# Required action:
Extract the entries in their exact form.

*** Data provided ***

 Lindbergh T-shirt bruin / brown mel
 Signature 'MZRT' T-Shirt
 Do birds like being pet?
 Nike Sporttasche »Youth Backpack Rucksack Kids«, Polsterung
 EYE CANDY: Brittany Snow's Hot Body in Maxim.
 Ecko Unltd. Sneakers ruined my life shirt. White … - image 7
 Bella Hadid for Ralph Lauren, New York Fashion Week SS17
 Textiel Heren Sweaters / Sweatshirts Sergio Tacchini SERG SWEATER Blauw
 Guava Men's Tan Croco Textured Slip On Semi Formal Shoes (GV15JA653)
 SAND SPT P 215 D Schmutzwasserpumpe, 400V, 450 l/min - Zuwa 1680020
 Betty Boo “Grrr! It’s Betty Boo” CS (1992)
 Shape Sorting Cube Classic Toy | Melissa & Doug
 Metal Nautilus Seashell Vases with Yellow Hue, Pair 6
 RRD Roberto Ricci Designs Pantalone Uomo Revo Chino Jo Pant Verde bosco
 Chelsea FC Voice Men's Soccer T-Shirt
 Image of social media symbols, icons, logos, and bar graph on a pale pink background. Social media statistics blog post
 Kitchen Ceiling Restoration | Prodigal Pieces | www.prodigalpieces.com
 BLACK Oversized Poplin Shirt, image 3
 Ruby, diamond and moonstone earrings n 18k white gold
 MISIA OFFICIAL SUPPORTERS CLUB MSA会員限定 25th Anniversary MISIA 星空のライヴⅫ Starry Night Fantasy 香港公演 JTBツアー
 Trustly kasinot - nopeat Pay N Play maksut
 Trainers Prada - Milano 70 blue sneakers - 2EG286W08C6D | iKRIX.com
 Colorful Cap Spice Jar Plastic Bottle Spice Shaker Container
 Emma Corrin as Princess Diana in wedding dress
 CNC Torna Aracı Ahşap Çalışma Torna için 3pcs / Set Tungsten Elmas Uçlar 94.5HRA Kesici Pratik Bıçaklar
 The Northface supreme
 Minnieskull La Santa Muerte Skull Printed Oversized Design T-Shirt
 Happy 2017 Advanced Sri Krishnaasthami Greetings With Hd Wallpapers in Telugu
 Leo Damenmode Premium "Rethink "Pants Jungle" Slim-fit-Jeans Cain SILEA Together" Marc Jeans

*** End of Data provided ***

# Finished task:
 Lindbergh T-shirt bruin / brown mel
 Signature 'MZRT' T-Shirt
 Do birds like being pet?
 Nike Sporttasche »Youth Backpack Rucksack Kids«, Polsterung
 EYE CANDY: Brittany Snow's Hot Body in Maxim.
 Ecko Unltd. Sneakers ruined my life shirt. White … - image 7
 Bella Hadid for Ralph Lauren, New York Fashion Week SS17
 Textiel Heren Sweaters / Sweatshirts Sergio Tacchini SERG SWEATER Blauw
 Guava Men's Tan Croco Textured Slip On Semi Formal Shoes (GV15JA653)
 SAND SPT P 215 D Schmutzwasserpumpe, 400V, 450 l/min - Zuwa 1680020
 Betty Boo “Grrr! It’s Betty Boo” CS (1992)
 Shape Sorting Cube Classic Toy | Melissa & Doug
 Metal Nautilus Seashell Vases with Yellow Hue, Pair 6
 RRD Roberto Ricci Designs Pantalone Uomo Revo Chino Jo Pant Verde bosco
 Chelsea FC Voice Men's Soccer T-Shirt
 Image of social media symbols, icons, logos, and bar graph on a pale pink background. Social media statistics blog post
 Kitchen Ceiling Restoration | Prodigal Pieces | www.prodigalpieces.com
 BLACK Oversized Poplin Shirt, image 3
 Ruby, diamond and moonstone earrings n 18k white gold
 MISIA OFFICIAL SUPPORTERS CLUB MSA会員限定 25th Anniversary MISIA 星空のライヴⅫ Starry Night Fantasy 香港公演 JTBツアー
 Trustly kasinot - nopeat Pay N Play maksut
 Trainers Prada - Milano 70 blue sneakers - 2EG286W08C6D | iKRIX.com
 Colorful Cap Spice Jar Plastic Bottle Spice Shaker Container
 Emma Corrin as Princess Diana in wedding dress
 CNC Torna Aracı Ahşap Çalışma Torna için 3pcs / Set Tungsten Elmas Uçlar 94.5HRA Kesici Pratik Bıçaklar
 The Northface supreme
 Minnieskull La Santa Muerte Skull Printed Oversized Design T-Shirt
 Happy 2017 Advanced Sri Krishnaasthami Greetings With Hd Wallpapers in Telugu
 Leo Damenmode Premium "Rethink "Pants Jungle" Slim-fit-Jeans Cain SILEA Together" Marc Jeans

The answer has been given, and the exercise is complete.